▶ _DATA SEGMENT_:
=-=-=
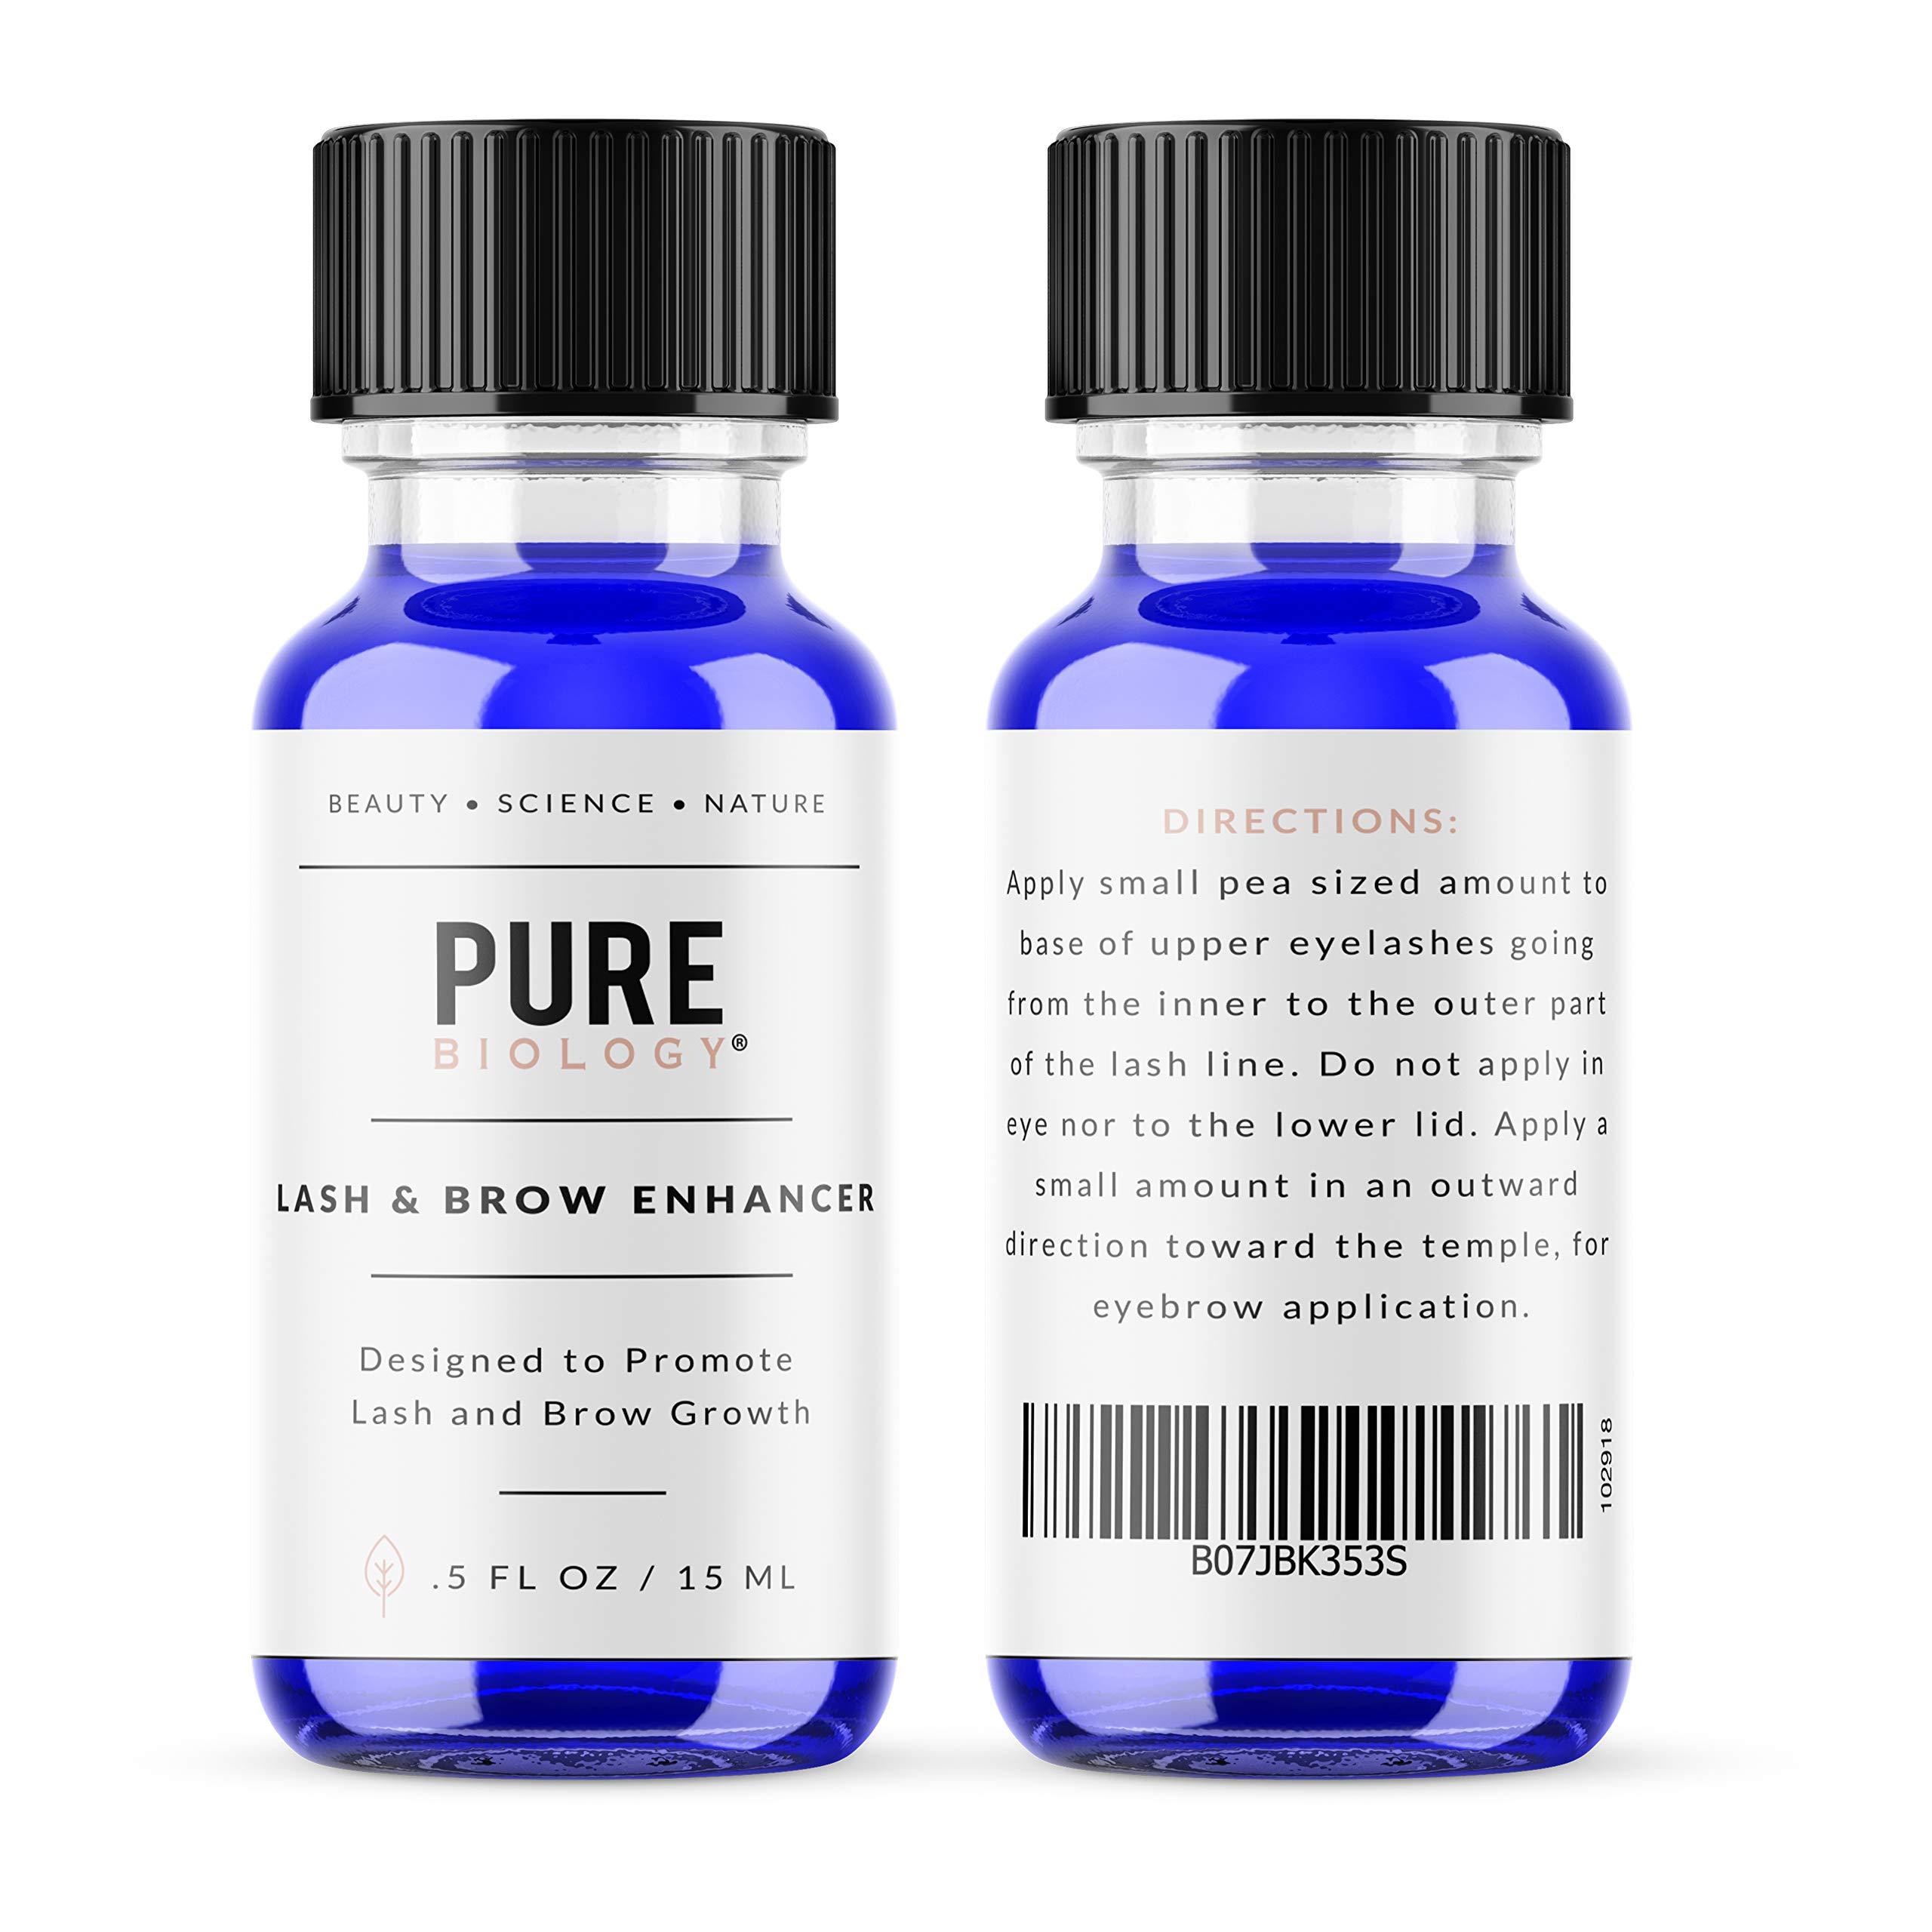 Premium Eyelash Growth Serum & Eyebrow Enhancer - Castor Oil, Biotin, Green Tea Extract, Natural DHT Blockers & Breakthrough Hair Growth Stimulating Complex for Men & Women by Pure Biology (Image #4)
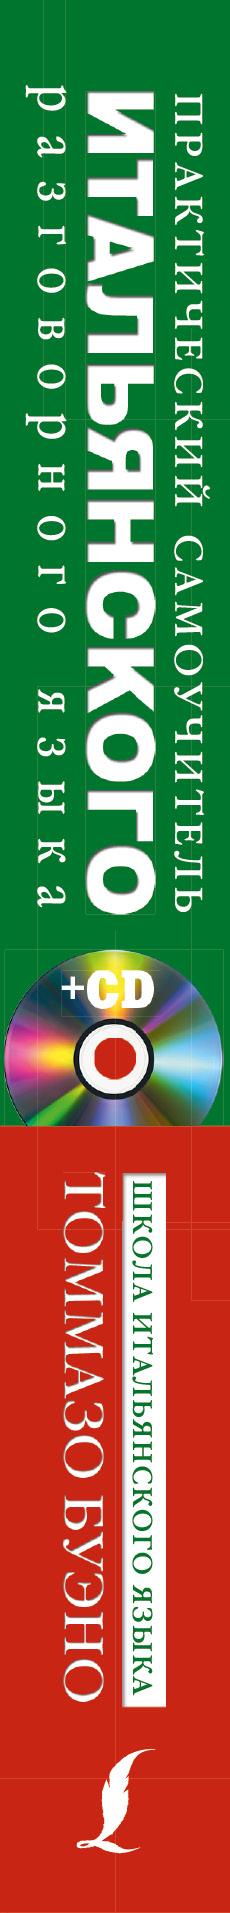 ����������� ����. ������������ ����������� (+ ��������� CD)
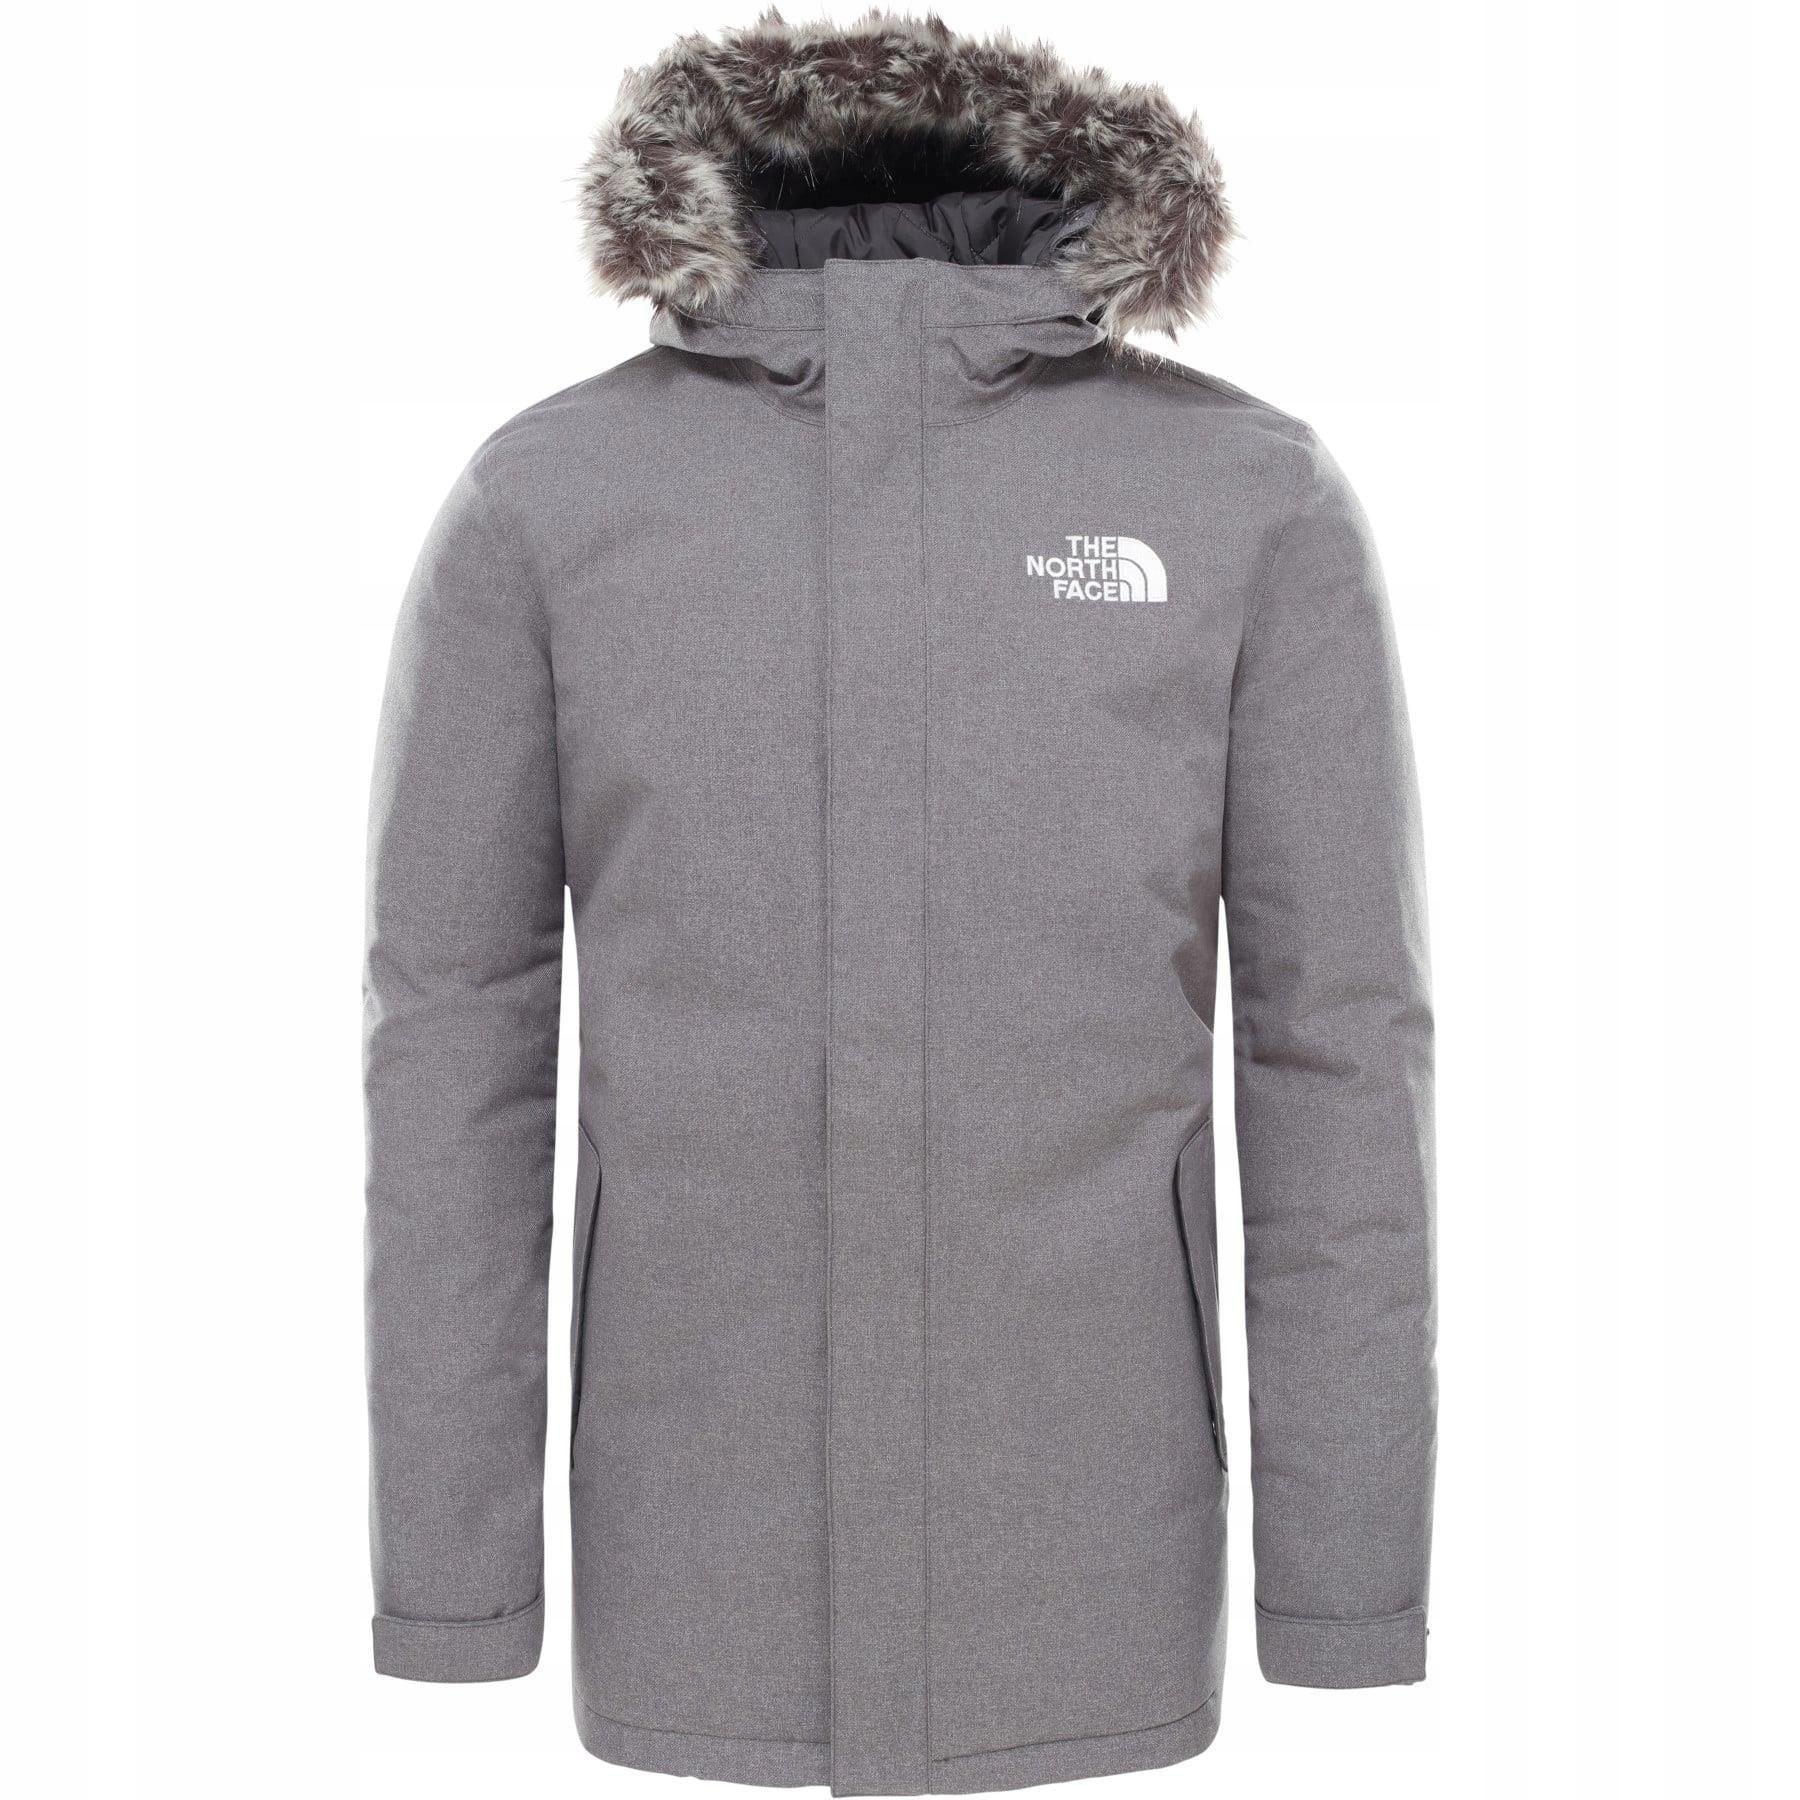 Куртка The North Face Zaneck, tnf medium grey heather, L фото
=-=-=
▶ _DESCRIPTION OF THE TASK_:
Output the material verbatim, skipping the images.

▶ _RESPONSE TO THIS EXERCISE_:
 Premium Eyelash Growth Serum & Eyebrow Enhancer - Castor Oil, Biotin, Green Tea Extract, Natural DHT Blockers & Breakthrough Hair Growth Stimulating Complex for Men & Women by Pure Biology (Image #4)
 ����������� ����. ������������ ����������� (+ ��������� CD)
 Куртка The North Face Zaneck, tnf medium grey heather, L фото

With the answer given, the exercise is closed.